What this task involves: Reproduce exactly the lines from the one containing "diy-metallic-easter-eggs-1215.jpg (skyword:211788)" through the end of the listing, minus the pictures.

Given data Block Start

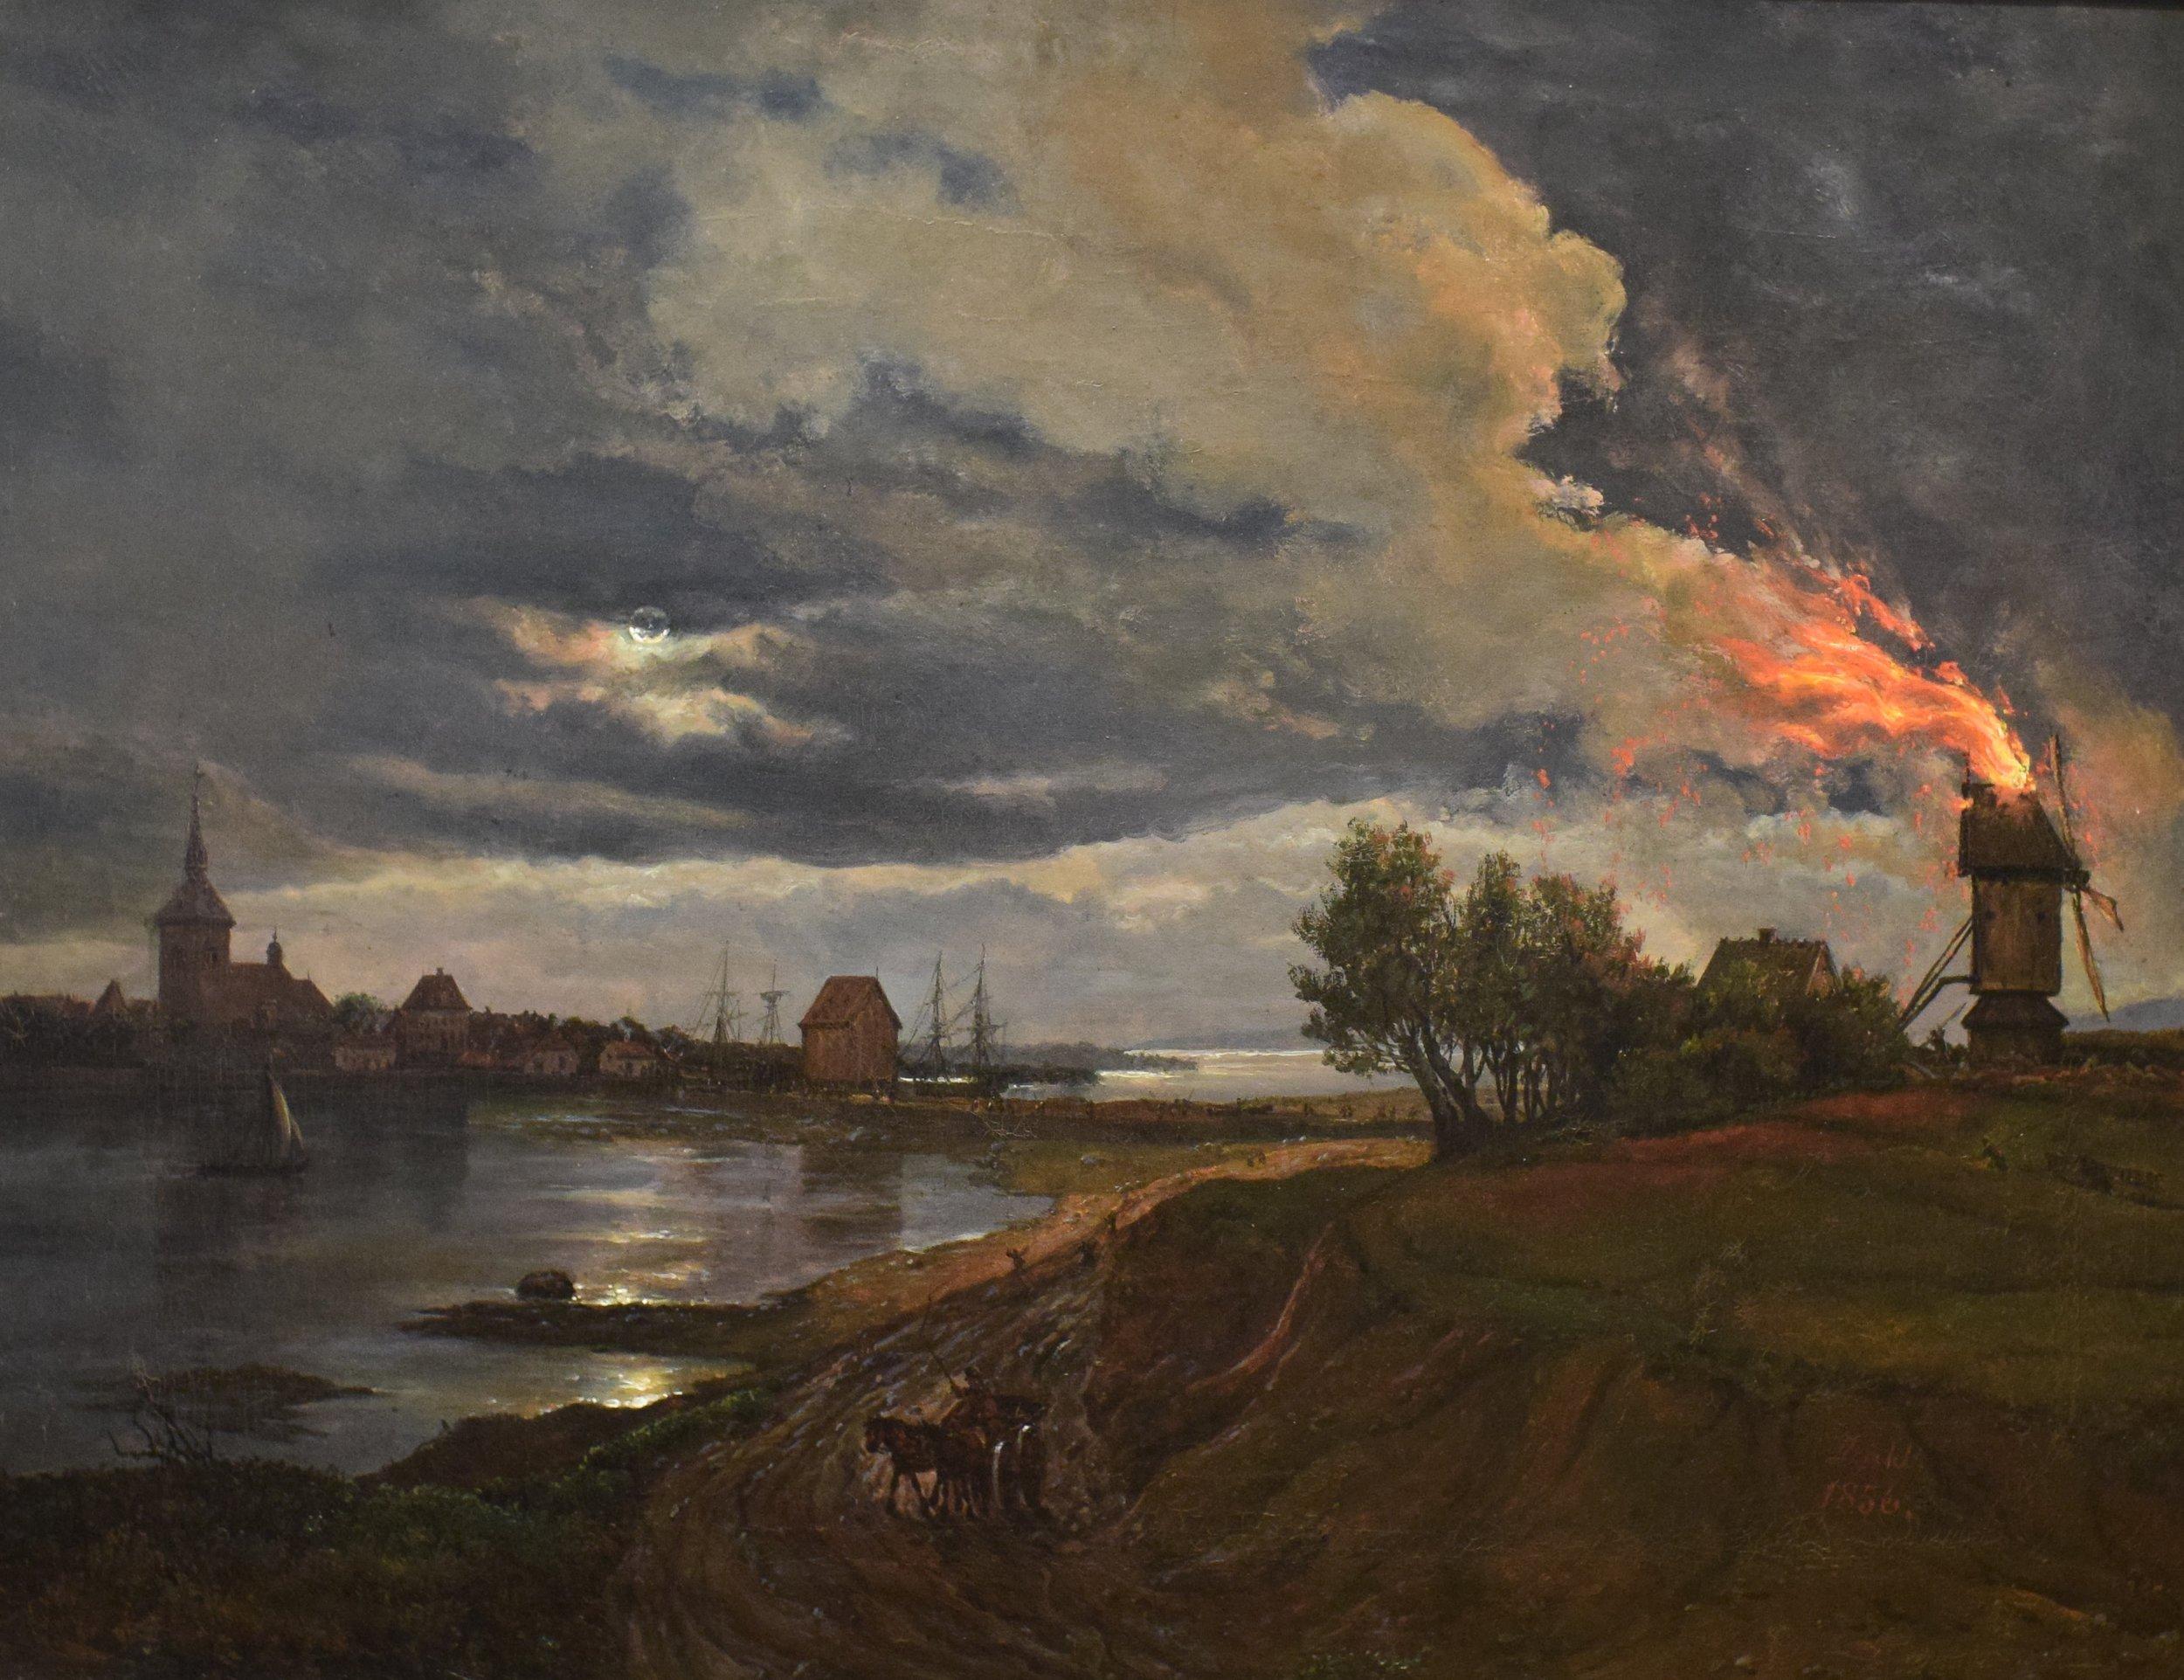 Johan Christian Dahl, Burning Windmill at Stege, 1856, Nasjonalmuseet
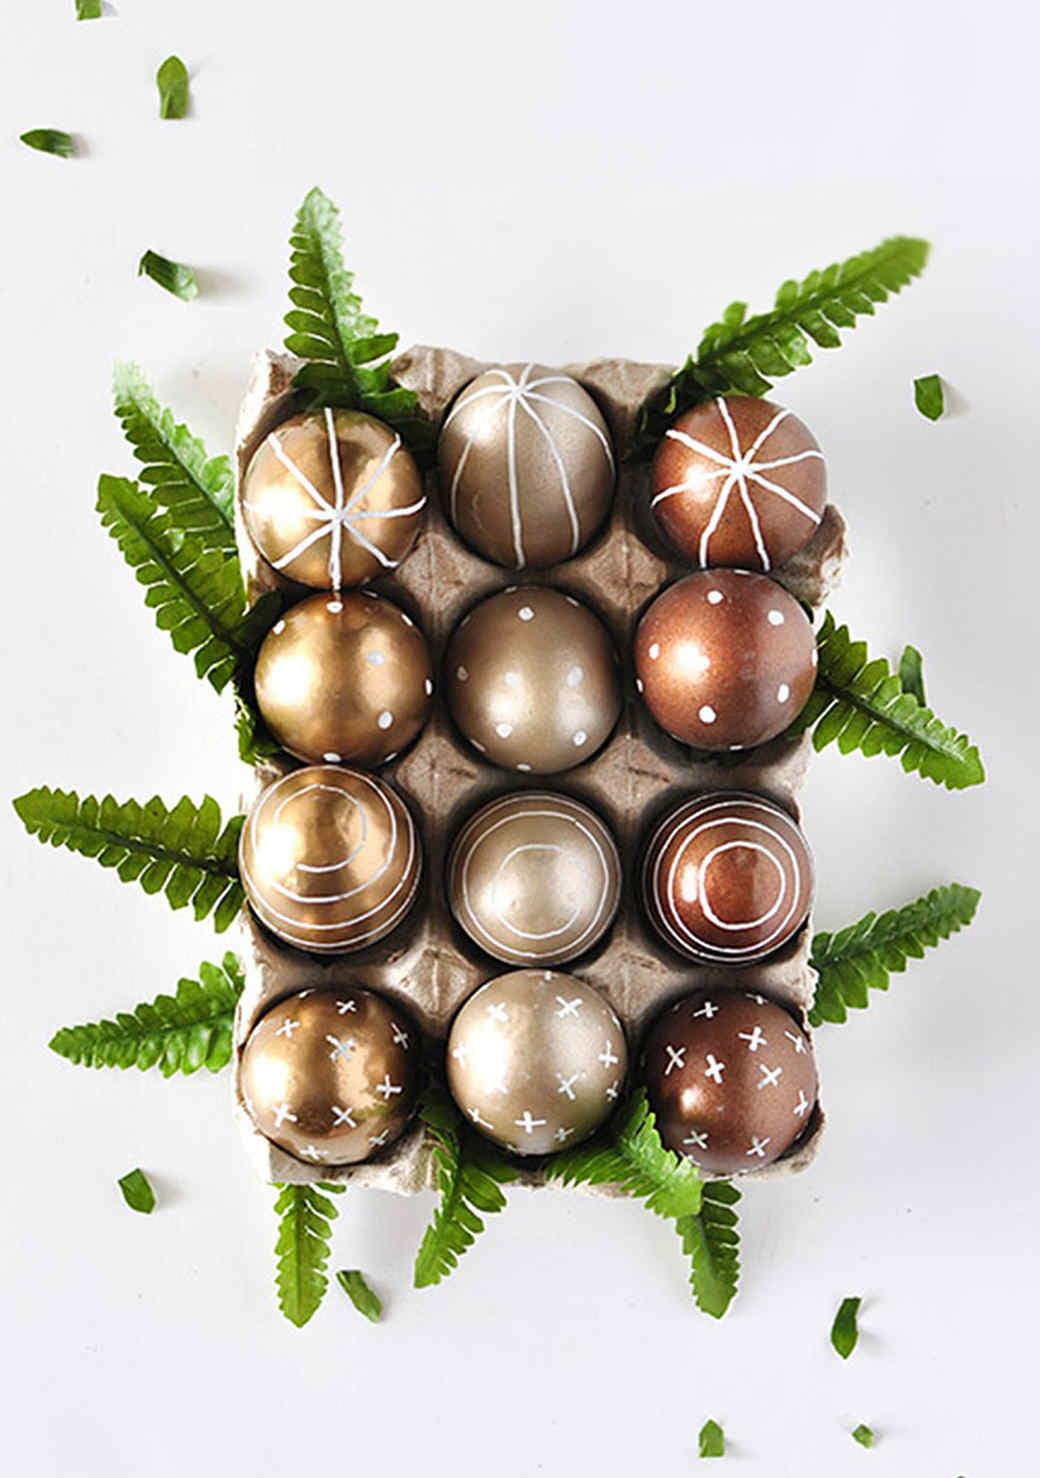 diy-metallic-easter-eggs-1215.jpg (skyword:211788)
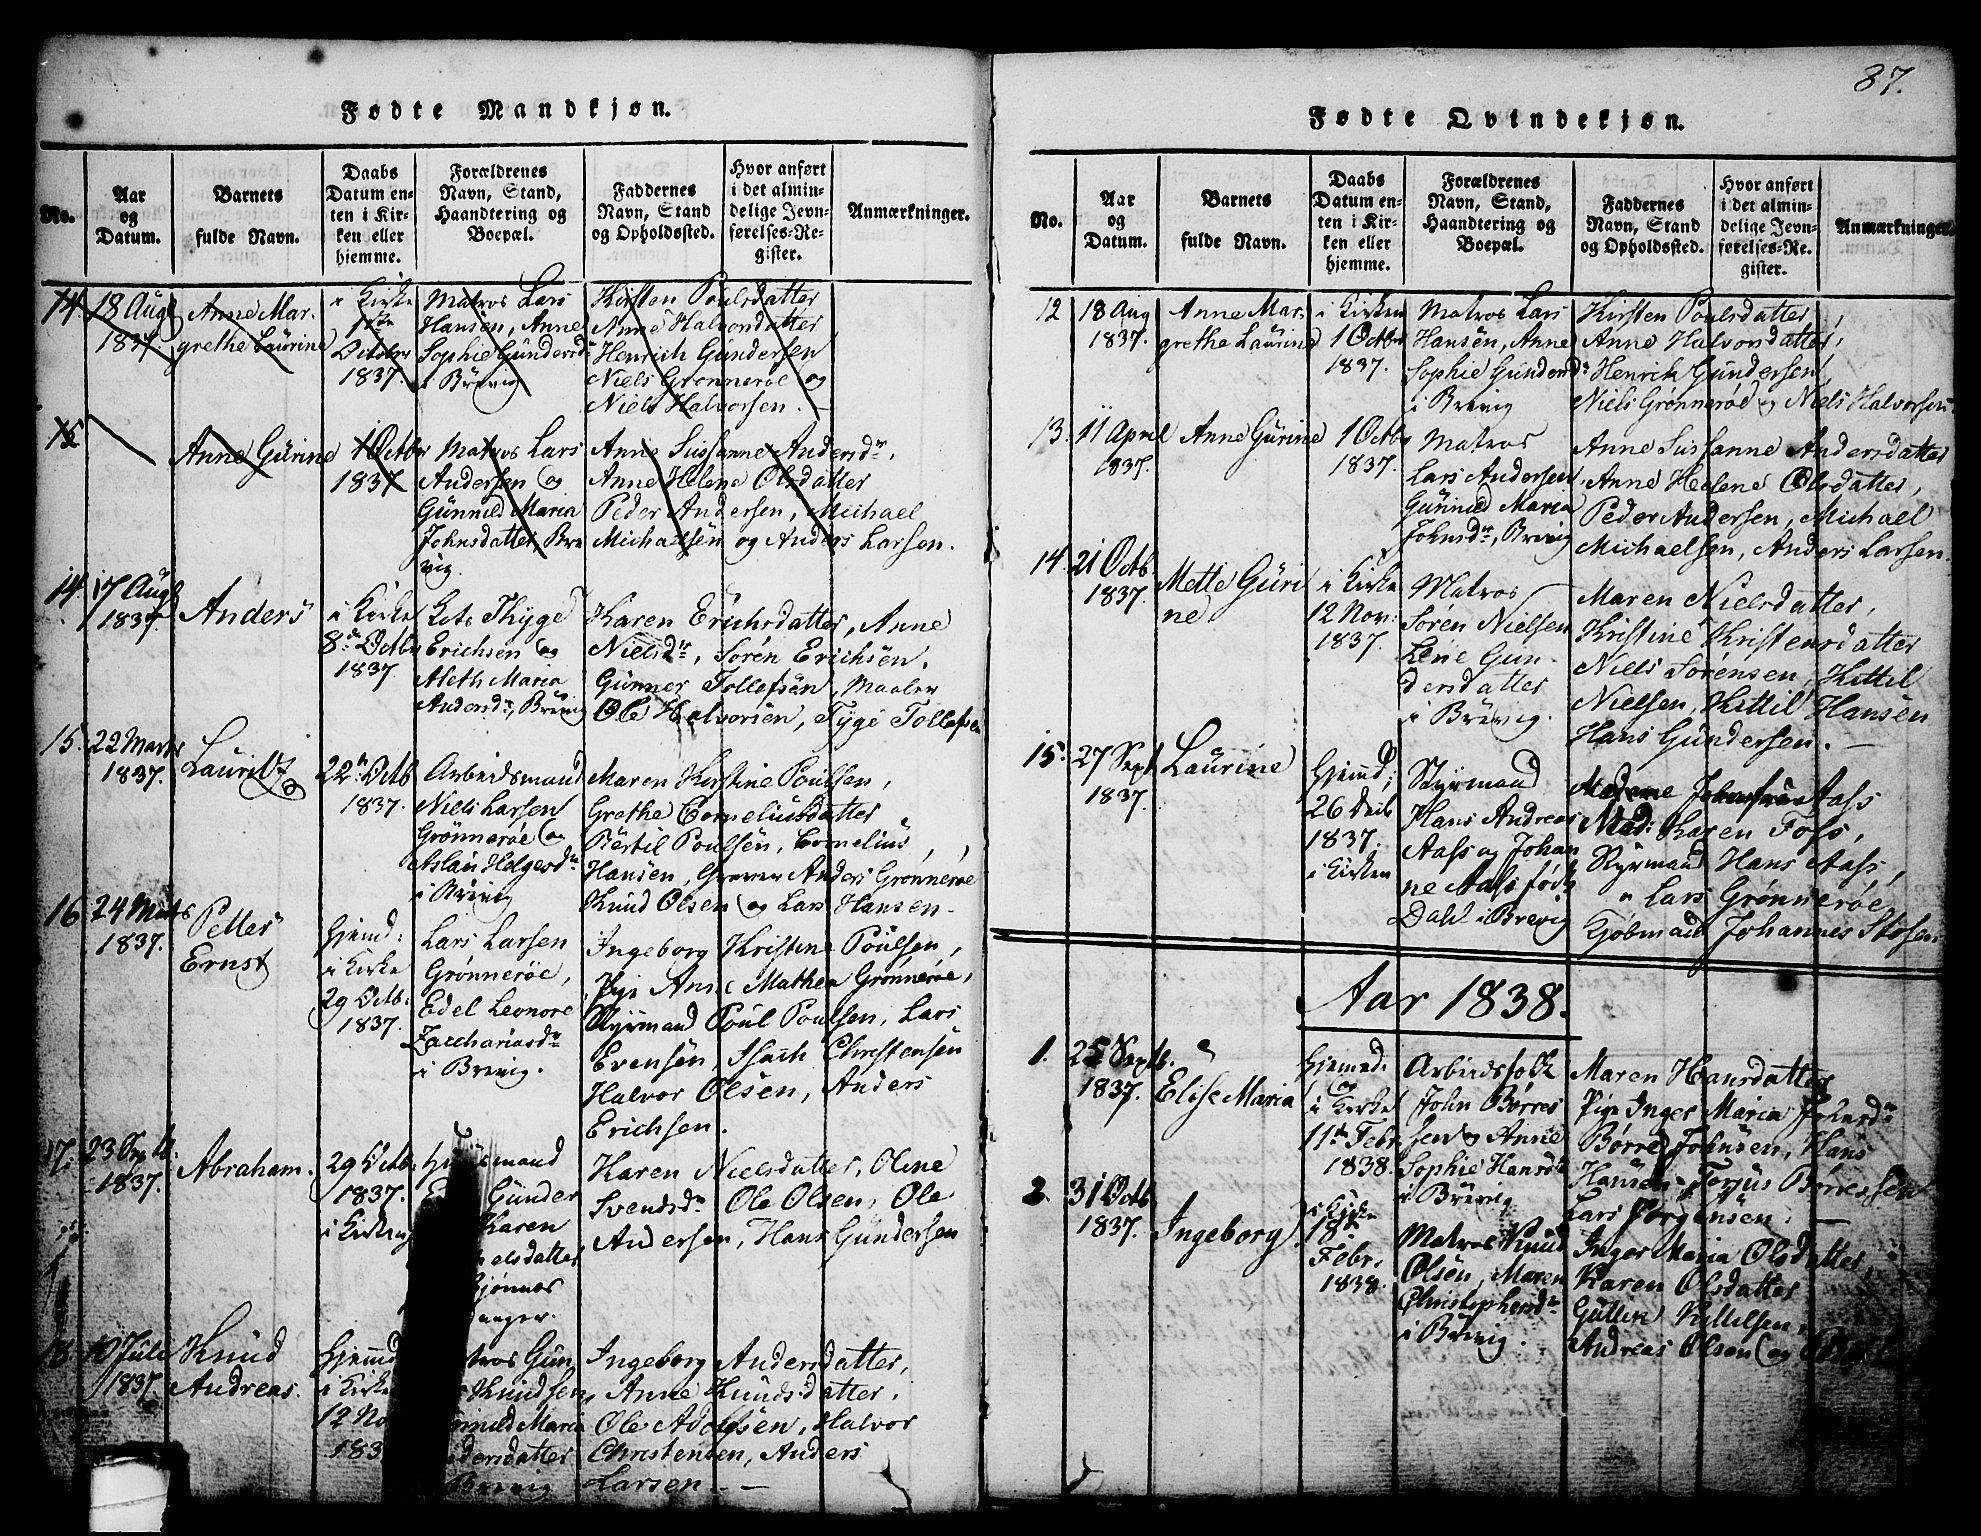 SAKO, Brevik kirkebøker, G/Ga/L0001: Klokkerbok nr. 1, 1814-1845, s. 87

Given data Block End

Response to this exercise:
 diy-metallic-easter-eggs-1215.jpg (skyword:211788)
 SAKO, Brevik kirkebøker, G/Ga/L0001: Klokkerbok nr. 1, 1814-1845, s. 87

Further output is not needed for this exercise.